**MATERIAL TO PROCESS**
>>>

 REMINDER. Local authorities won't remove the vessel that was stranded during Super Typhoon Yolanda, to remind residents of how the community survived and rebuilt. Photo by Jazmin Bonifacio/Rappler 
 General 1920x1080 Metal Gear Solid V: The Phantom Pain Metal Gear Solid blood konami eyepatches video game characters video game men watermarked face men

<<<
>>>

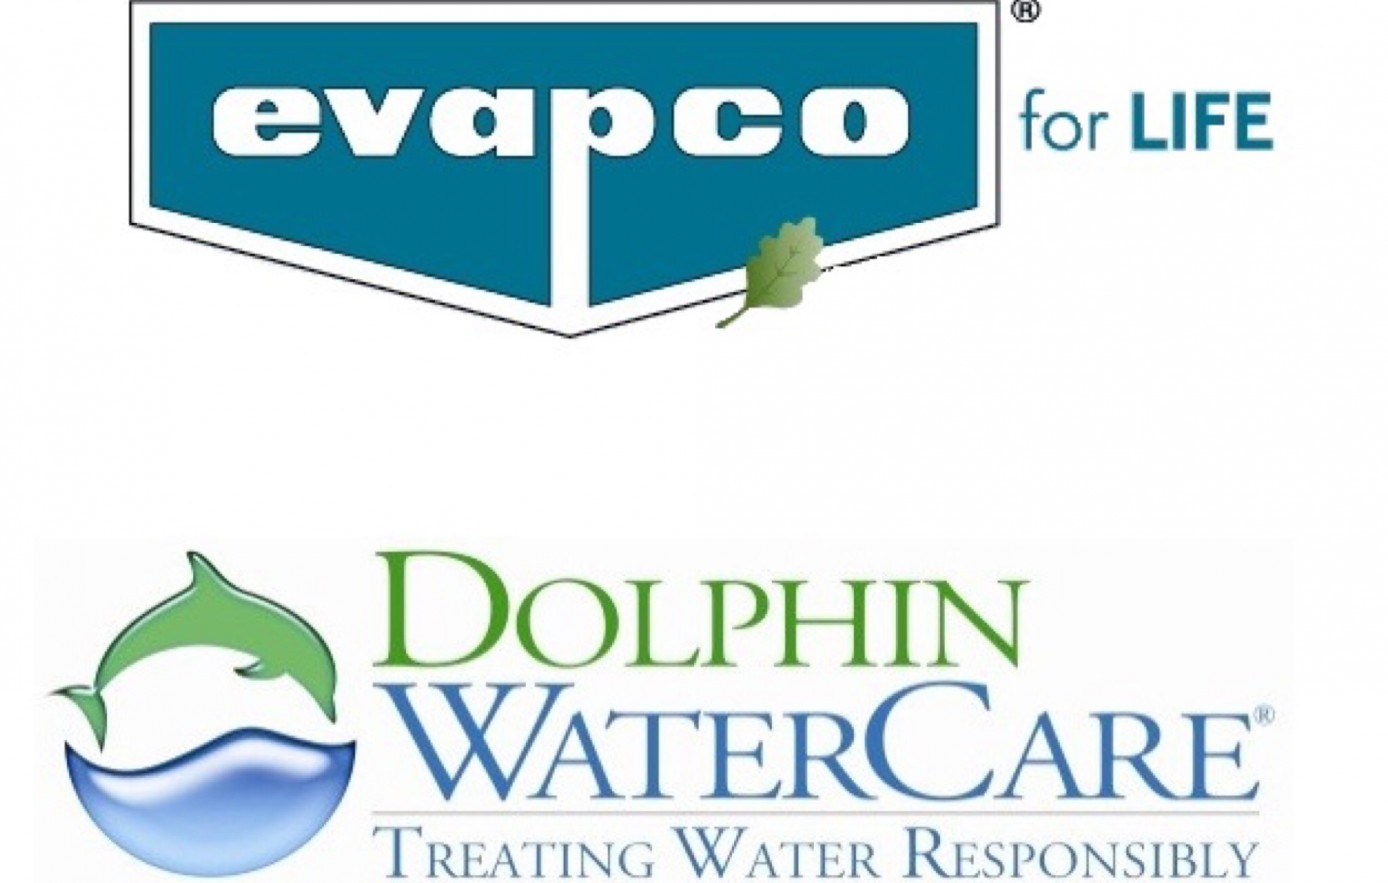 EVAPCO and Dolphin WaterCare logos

<<<
>>>

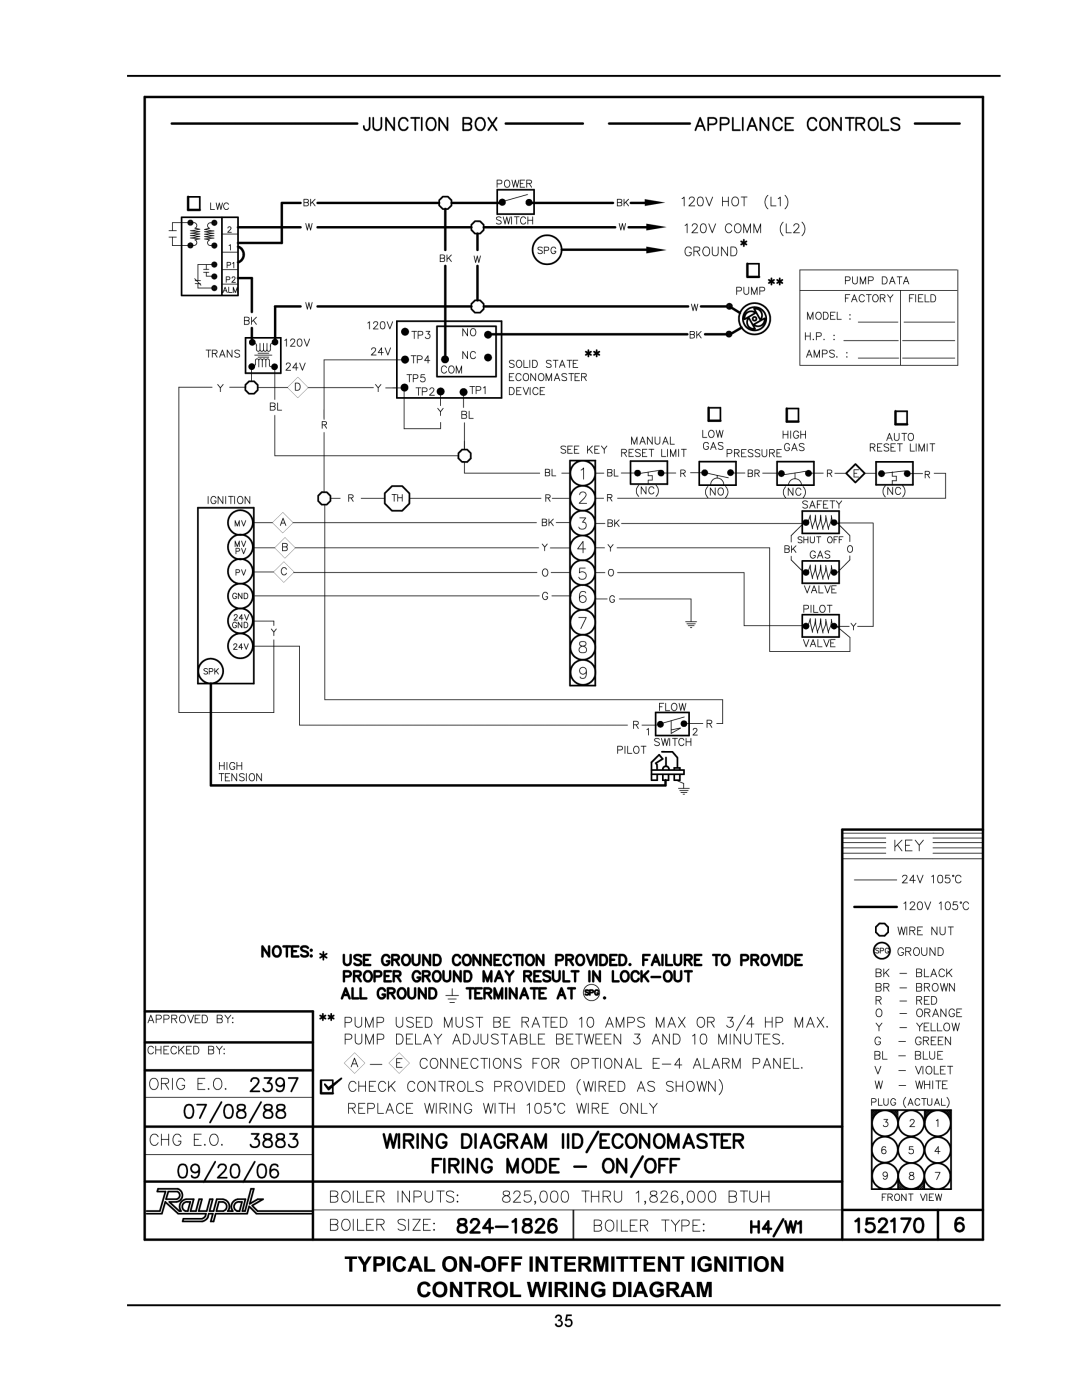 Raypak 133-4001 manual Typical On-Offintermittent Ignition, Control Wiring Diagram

<<<

**TASK REQUIREMENTS**
Find the line with "REMINDER. Local authorities" in the entries above. Retype it and each line after it, exactly, through the line with "General 1920x1080 Metal", and stop there.

**OUTPUT FOR THIS EXERCISE**
 REMINDER. Local authorities won't remove the vessel that was stranded during Super Typhoon Yolanda, to remind residents of how the community survived and rebuilt. Photo by Jazmin Bonifacio/Rappler 
 General 1920x1080 Metal Gear Solid V: The Phantom Pain Metal Gear Solid blood konami eyepatches video game characters video game men watermarked face men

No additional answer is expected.